Second scenario: Defining entire lipid classes for which an iterative simulation is to be performed

Alternatively, if we wish to add an entire class of lipid for which multiple database entries will be created based on ranges of acyl properties and oxidation states specified in acylRanges ( LOBSTAHS_acylRanges.xlsx) and oxyRanges ( LOBSTAHS_oxyRanges.xlsx), we have to take just a bit more time to define the class and its acyl properties.

  1. Specify the DB_gen_compound_type

    First, in the componentCompTable, we should set DB_gen_compound_type = “DB_acyl_iteration”.

  2. Determine and define the base fragment

    We then have to define the mass of the “base fragment” upon which the generateLOBdbase() function will perform iteration. The base fragment should include the glycerol backbone, any carboxylic oxygen atoms in the fatty acid(s), and (if applicable), the entire lipid headgroup. In the case of IP-DAG and IP-MAG, the base fragment will include the entire polar headgroup, the glycerol backbone, and both carboxylic oxygen atoms in the fatty acid(s). In the case of TAG, the base fragment is defined as the glycerol backbone plus the carboxylic oxygen atoms on each of the three fatty acids. The base fragments for any new lipid classes for which the user desires evaluation of a range of acyl properties should be similarly defined.

    An example is given for phosphatidylcholine (PC), one of the eight basic IP-DAG classes that has been included in LOBSTAHS since its first release. We begin with an intact molecule, in this case PC 18:1, 18:1 (which would appear in a LOBSTAHS database as PC 36:2). Any intact PC species could be used as a starting point since our concern here is with the polar (headgroup) end of the molecule, which does not change under the simulation performed by generateLOBdbase():

    This intact neutral molecule has the chemical formula C44H84NO8P and an exact mass of 785.59346 amu. The C-1 carbon atom in both fatty acids is shown explicitly for ease of illustration. We define the base fragment for PC (and all other IP-DAG) as the polar headgroup, glycerol backbone, and both the carboxylic oxygen atoms (in red):

    In this case, the base fragment (shown in red) has the chemical formula C8H18NO8P and a mass of 287.07700 amu. One “easy” way to determine the formula (and therefore, the exact mass) of the base fragment is to use the fragmentation feature in an application such as ChemDraw. First, we homolytically cleave the bond(s) between the C-1 and C-2 carbon atom(s) in each acyl chain on which iteration is to be performed, giving one electron to each atom:

    We then subtract the appropriate number of carbon atoms and their masses:

    In this case, we subtracted two carbon atoms (in cyan) since we are dealing with an IP-DAG, which has two positions at which we wish to consider a range of possible fatty acids. For TAG, we would subtract three carbon atoms; for molecules containing a single acyl group for which a range of properties are to be considered (e.g., free fatty acids or PUA), we would subtract just one carbon atom and its mass. Once the formula of the base fragment is ascertained (C8H18NO8P, in this instance), it can be specified correctly in the componentCompTable.

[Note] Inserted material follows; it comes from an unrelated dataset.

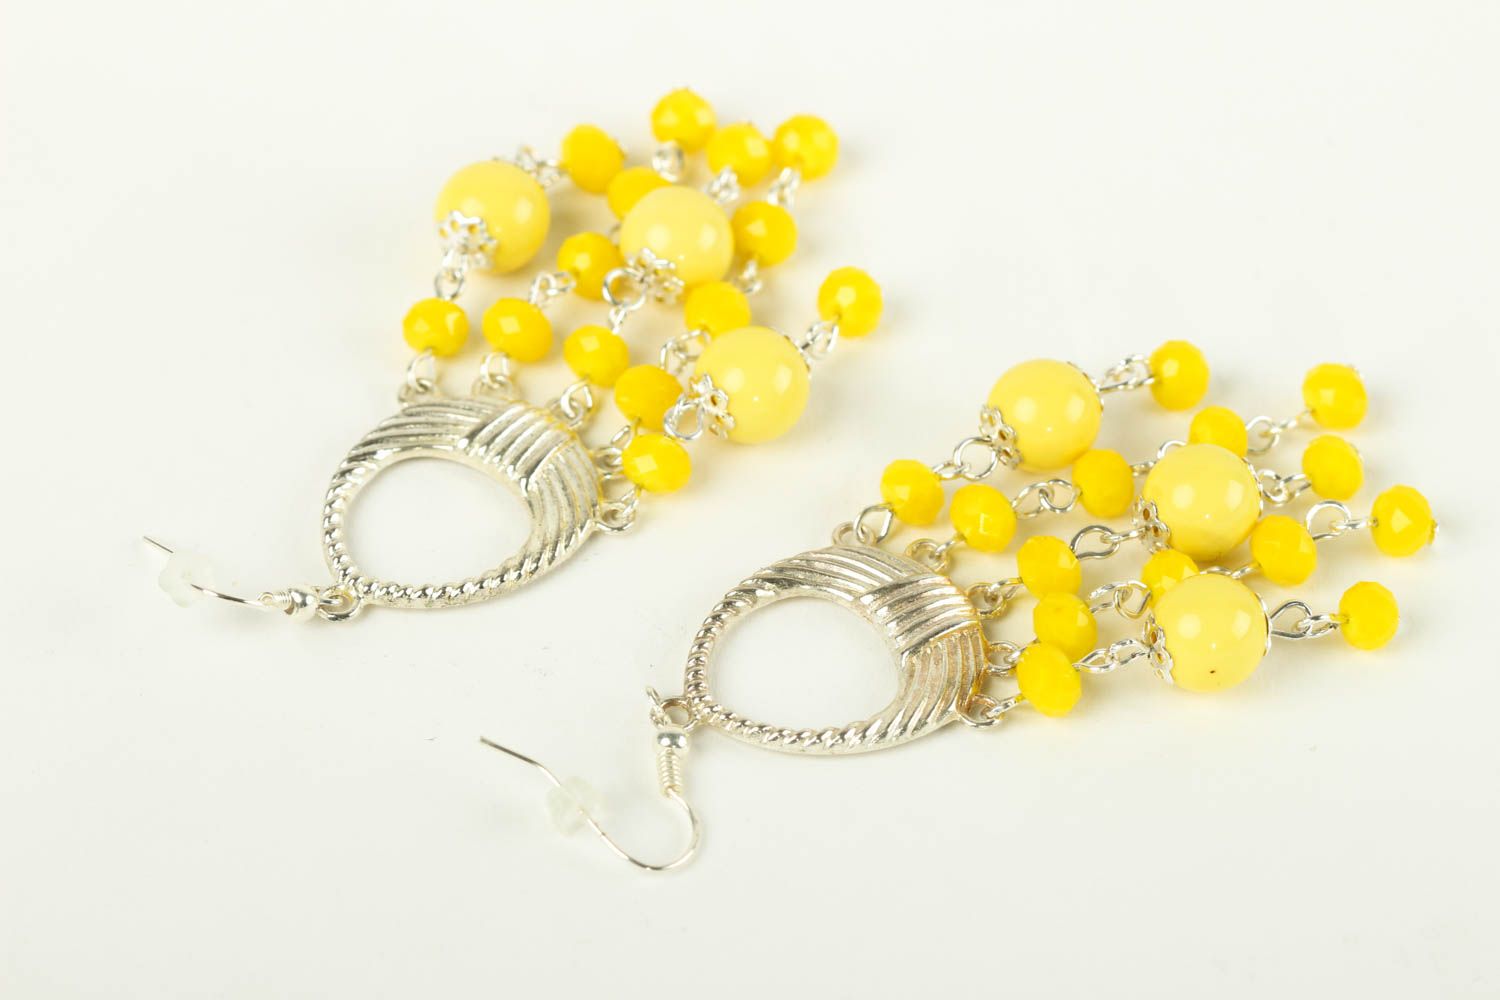 Beaded earrings designer earrings with beads handmade jewelry stylish accessory photo 4

  3. Define ranges of acyl properties and oxidation states to be considered

    Once we’ve correctly ascertained and specified the chemical formula of the base fragment in the componentCompTable, we’ll have to specify the ranges of acyl carbon atoms, double bonds, and additional oxygen atoms to be considered during simulation of the lipid class. We accomplish this by adding and populating fields for our new class or molecule in the acylRanges and oxyRanges tables.

  4. Define adduct hierarchies

    Finally, as above in the “DB_unique_species” case, we then have to define appropriate adduct hierarchies for the new lipid class in the adductHierarchies table, with a compound or class name that matches the Adduct_hierarchy_lookup_class field in the componentCompTable. If necessary, new adduct types can be added to the componentCompTable (when defining new adducts, set DB_gen_compound_type to “adduct_pos” or “adduct_neg”).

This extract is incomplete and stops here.